_EXERCISE BRIEF:_ From the line containing "Naruto (naruho) chichikage grande Mama Ninja" through the end of the material below, output each line exactly as written, with pictures excluded.

_AVAILABLE DATA:_
--------------------------------

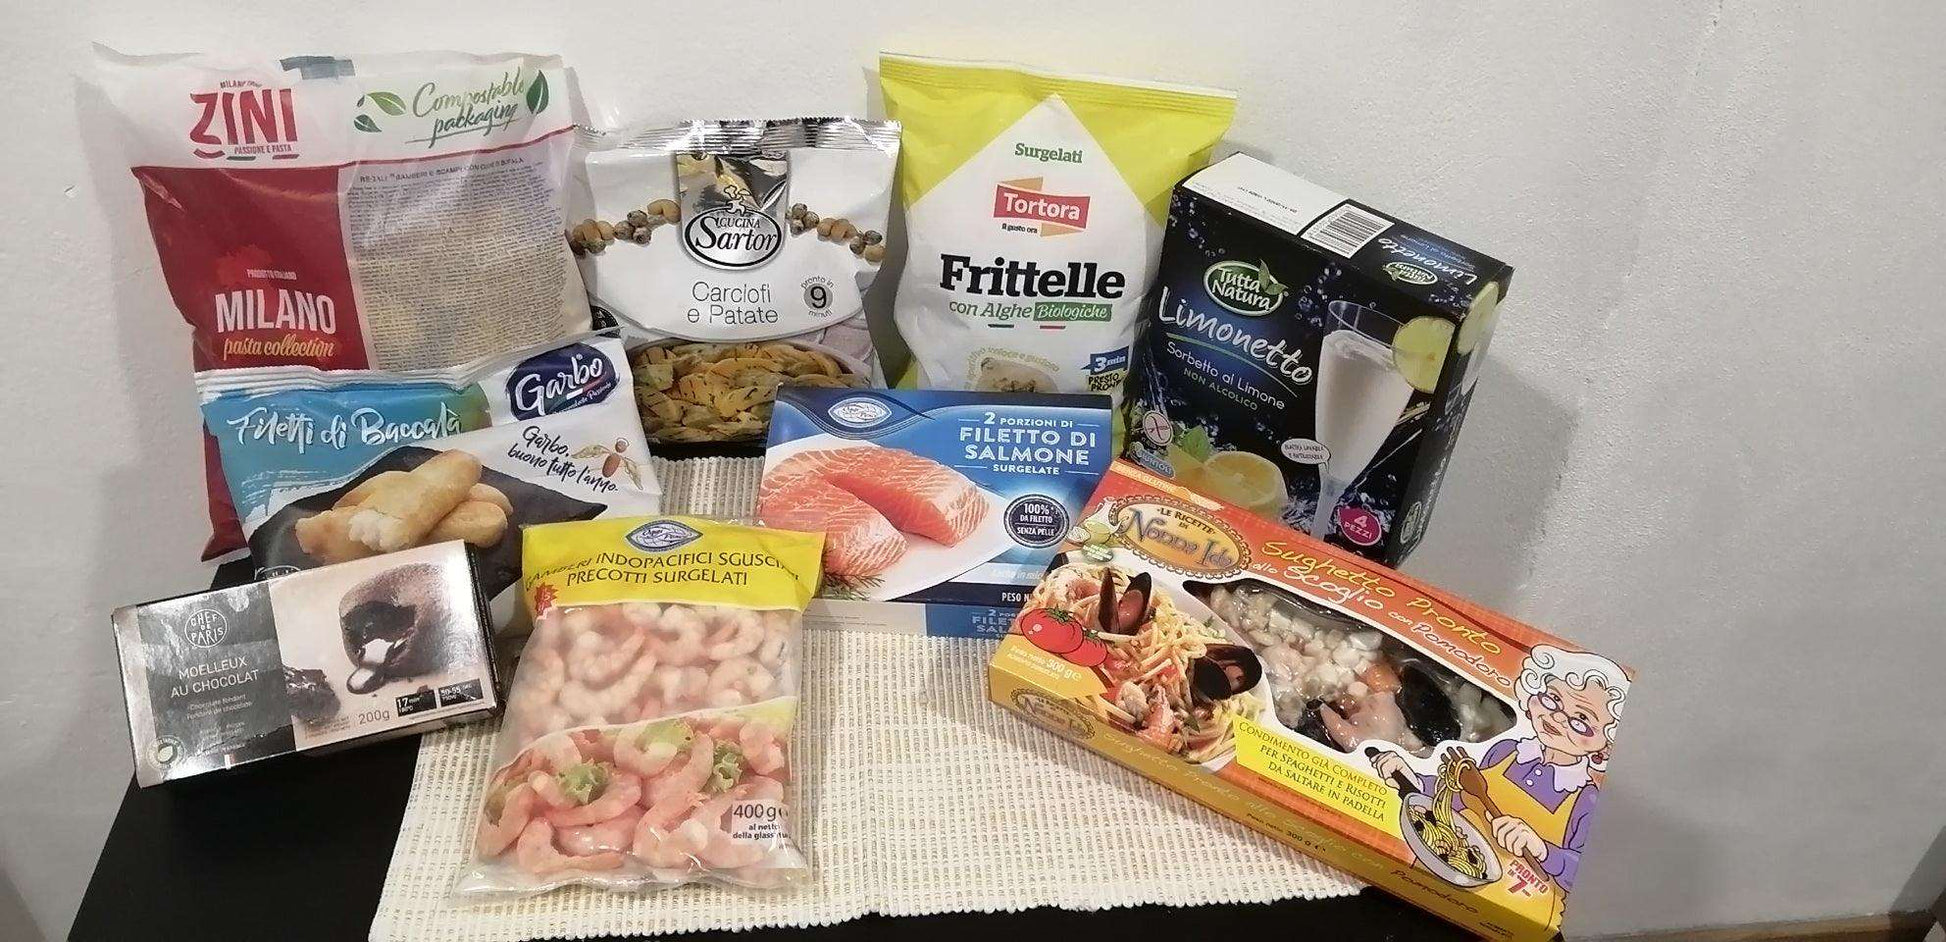 BOX ROMANTICO – PESCE - I migliori prodotti Made in Italy da Fiera di Monza Shop - Solo 63.29€! Acquista subito su Fiera di Monza Shop!
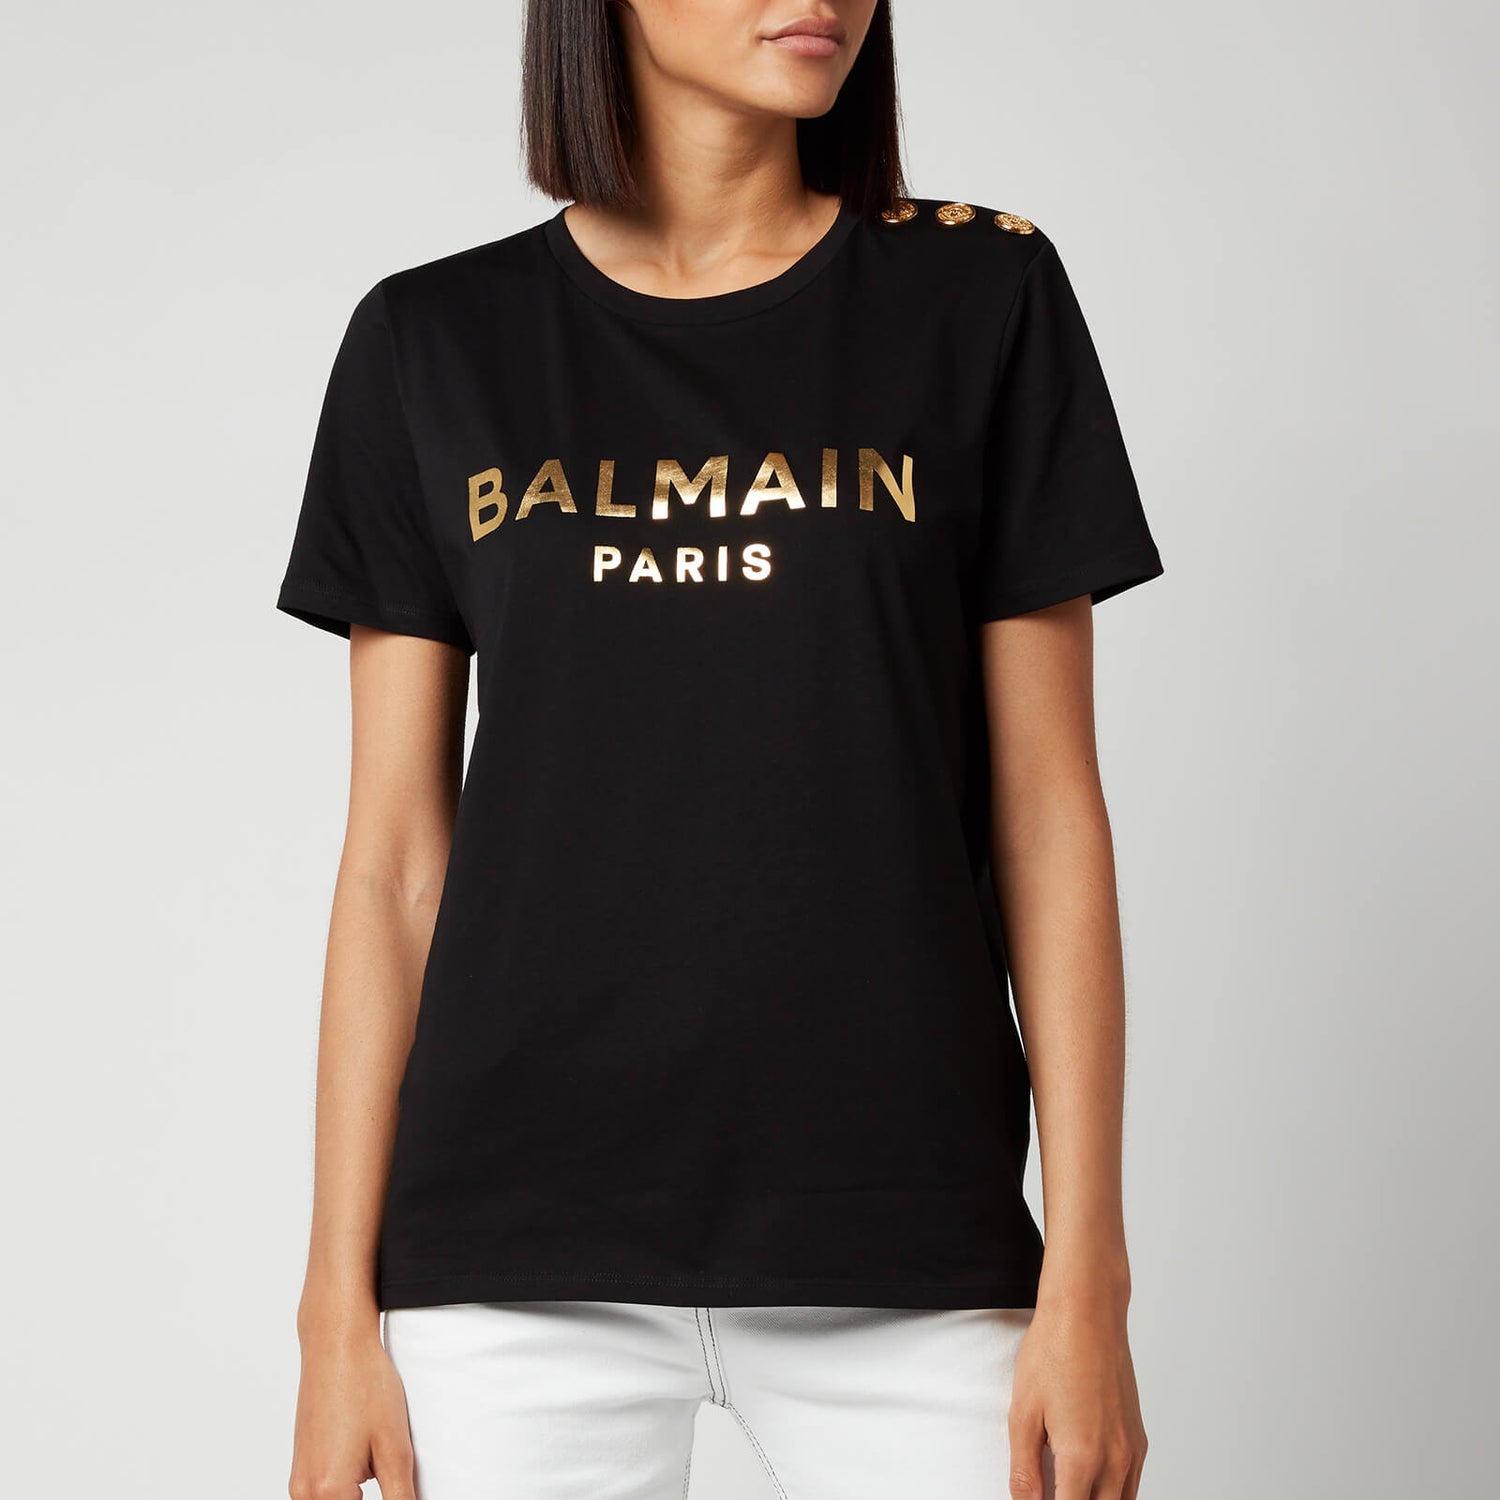 Balmain Women's Short Sleeve 3 Button Metallic Logo T-Shirt - Noir/Or
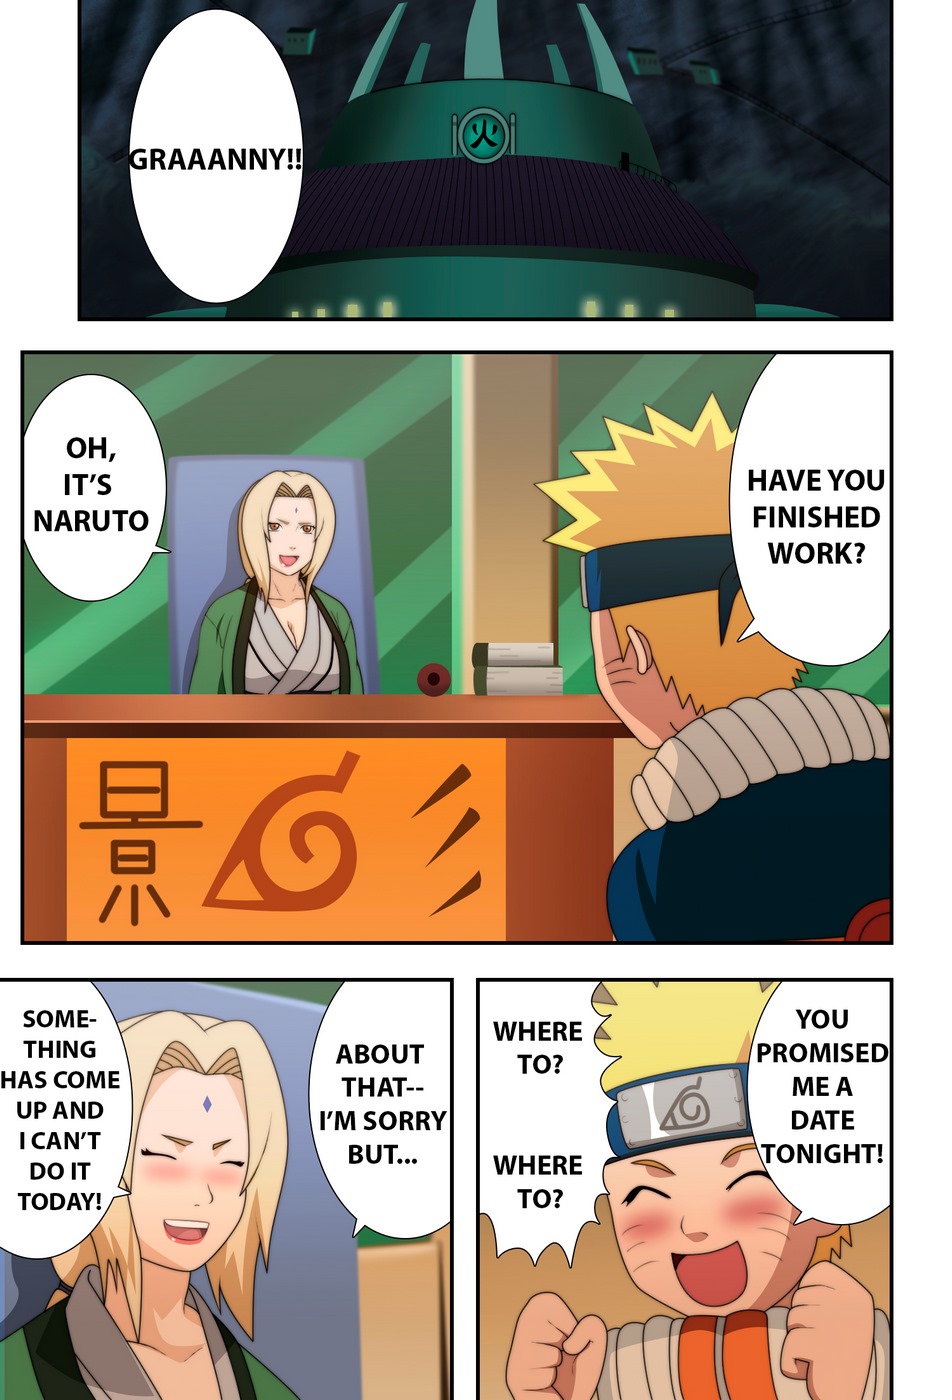 Naruto (naruho) chichikage grande Mama Ninja
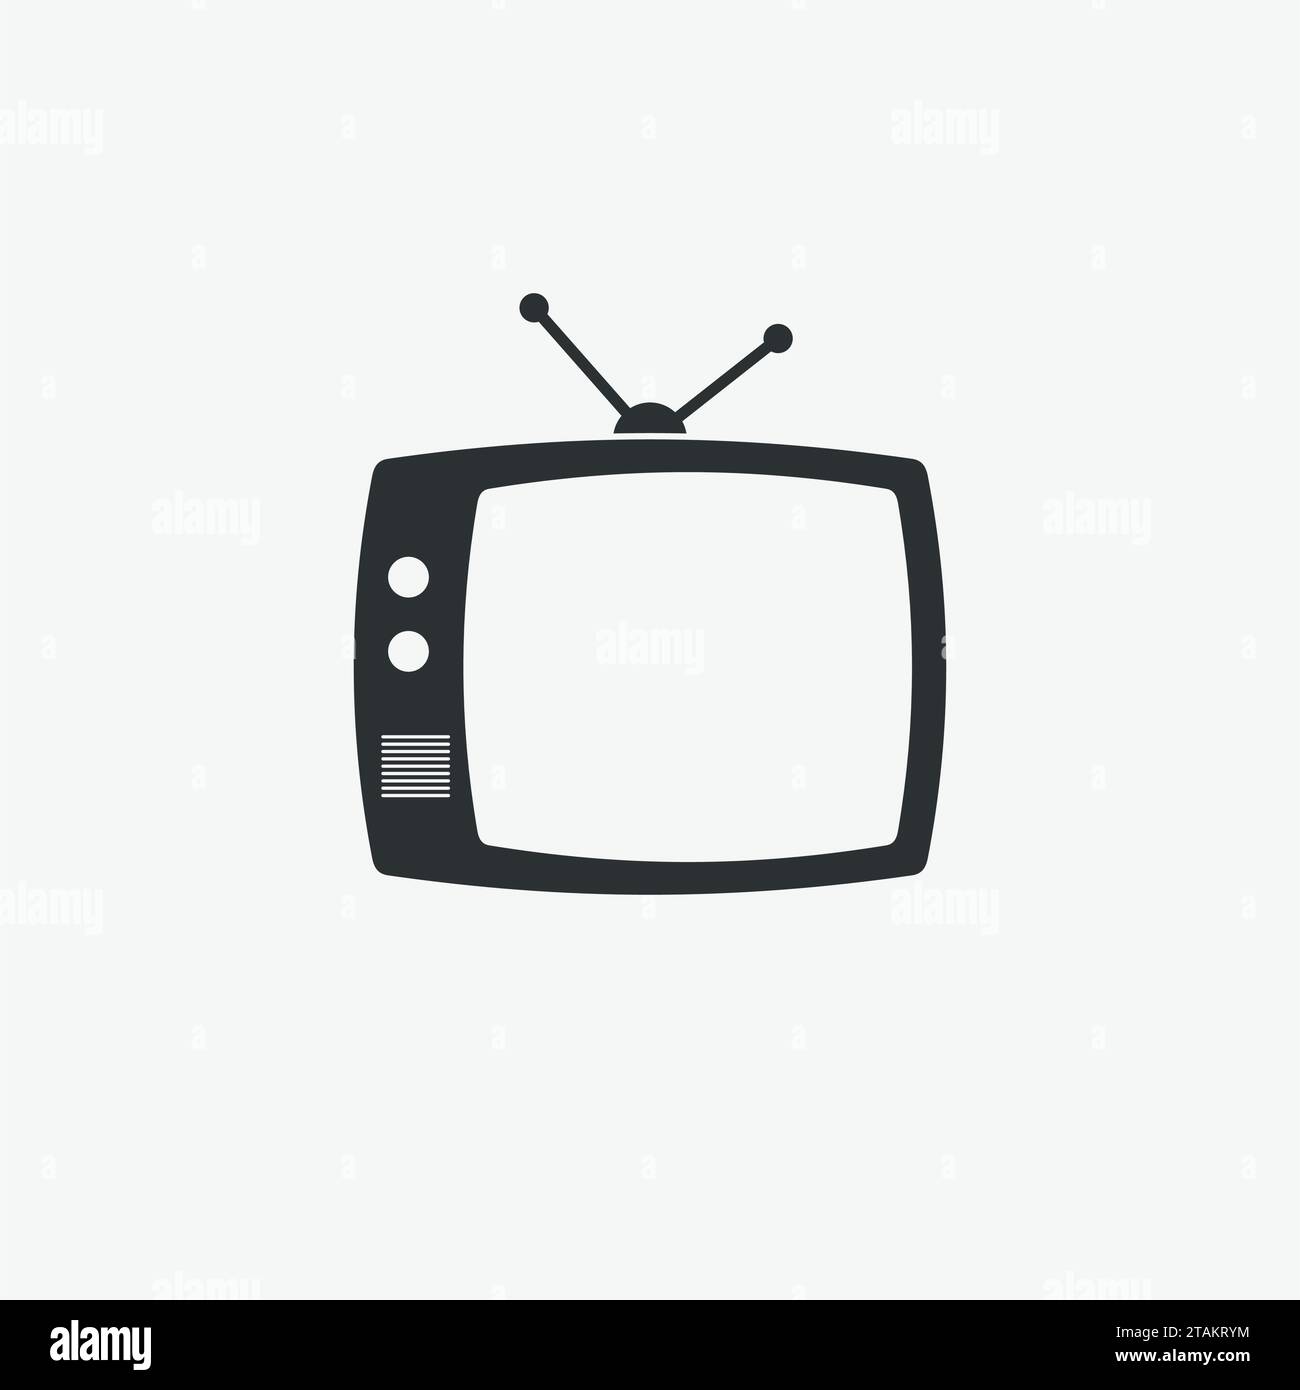 TV-Symbol auf grauem Hintergrund isoliert. TV-Symbol flacher Stil. Vektorgrafik des schwarzen TV-Symbols Stock Vektor

--------------------------------

_ANSWER BOX:_
 Naruto (naruho) chichikage grande Mama Ninja
 TV-Symbol auf grauem Hintergrund isoliert. TV-Symbol flacher Stil. Vektorgrafik des schwarzen TV-Symbols Stock Vektor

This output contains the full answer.